(WORK TO COMPLETE): Aim for an exact copy of the listing, without any images.

== MATERIAL PROVIDED ==

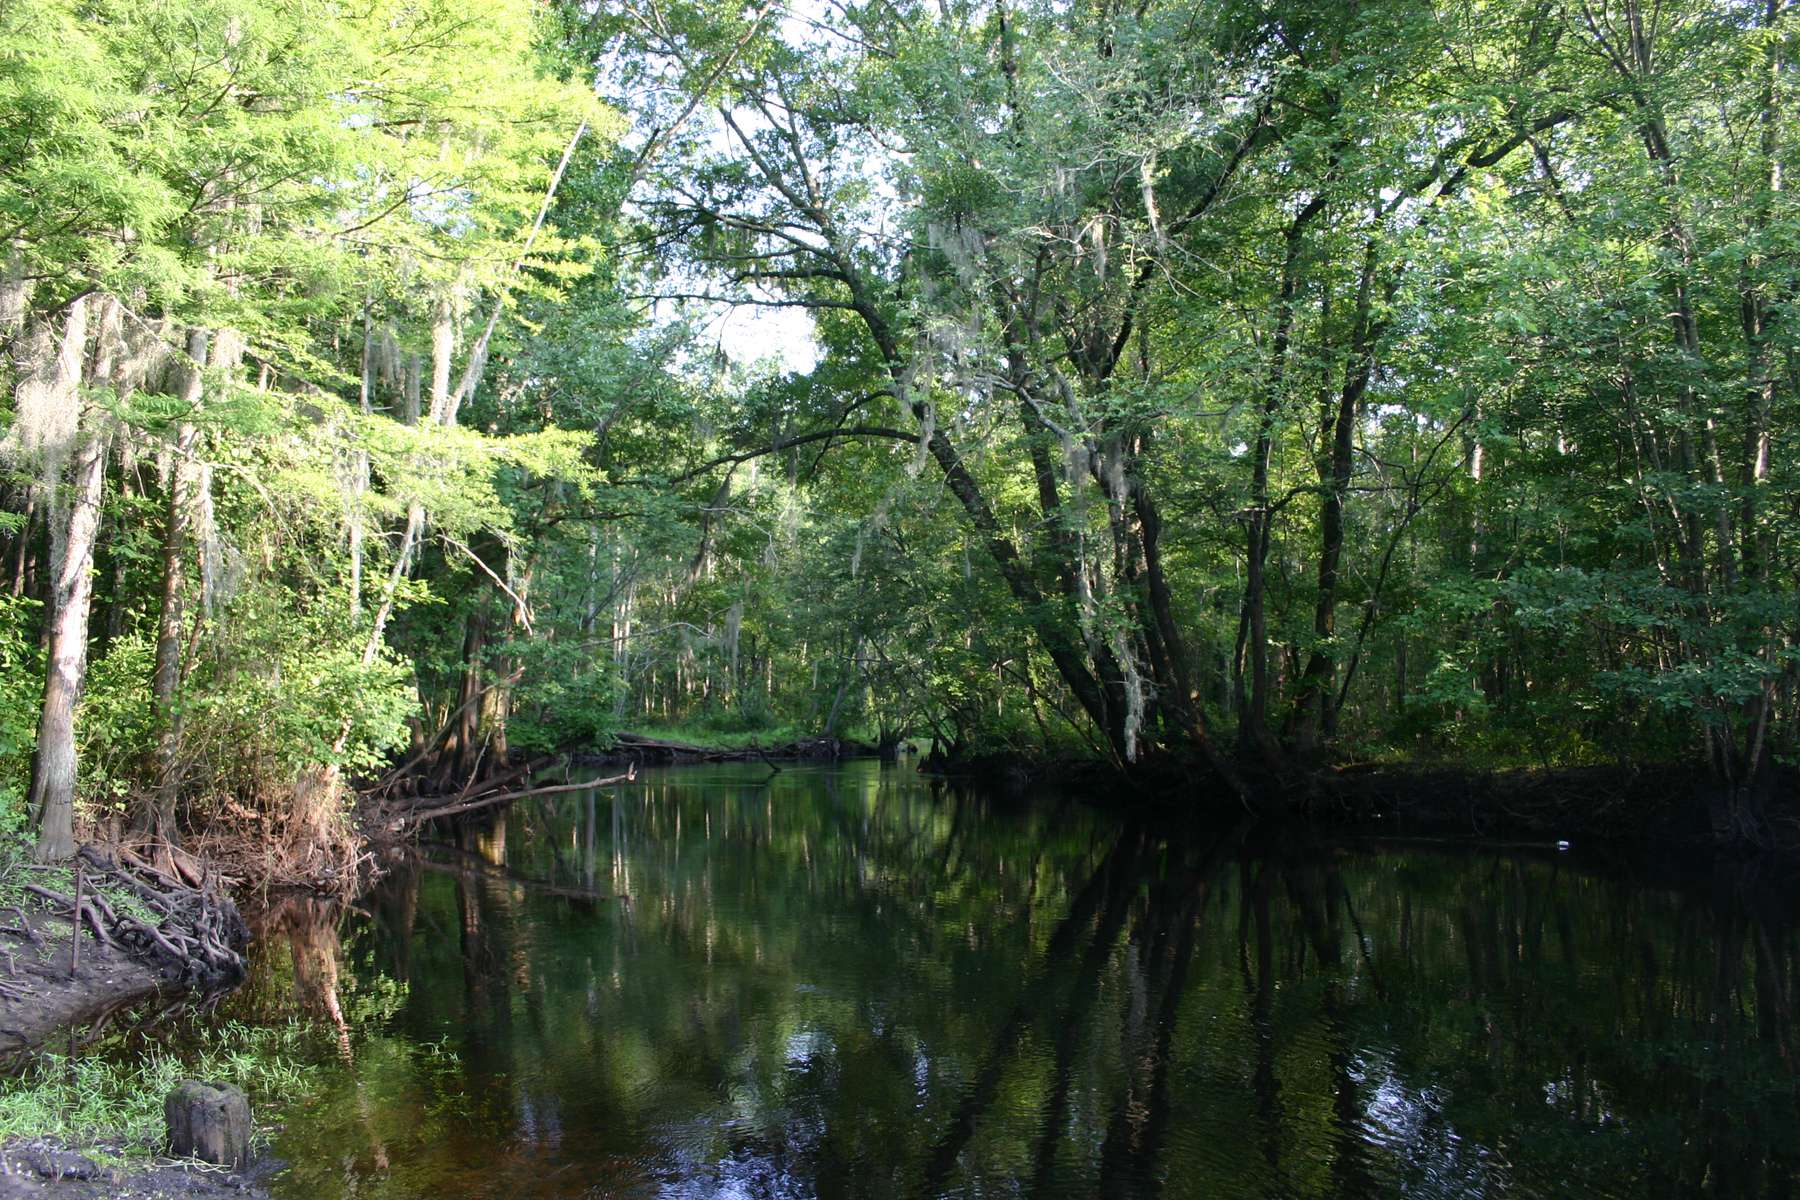 Southern Division â Pee Dee River Basin
Georgetown, S.C.
April 22-24, 2015

===

(TASK RESULT):
 Southern Division â Pee Dee River Basin
Georgetown, S.C.
April 22-24, 2015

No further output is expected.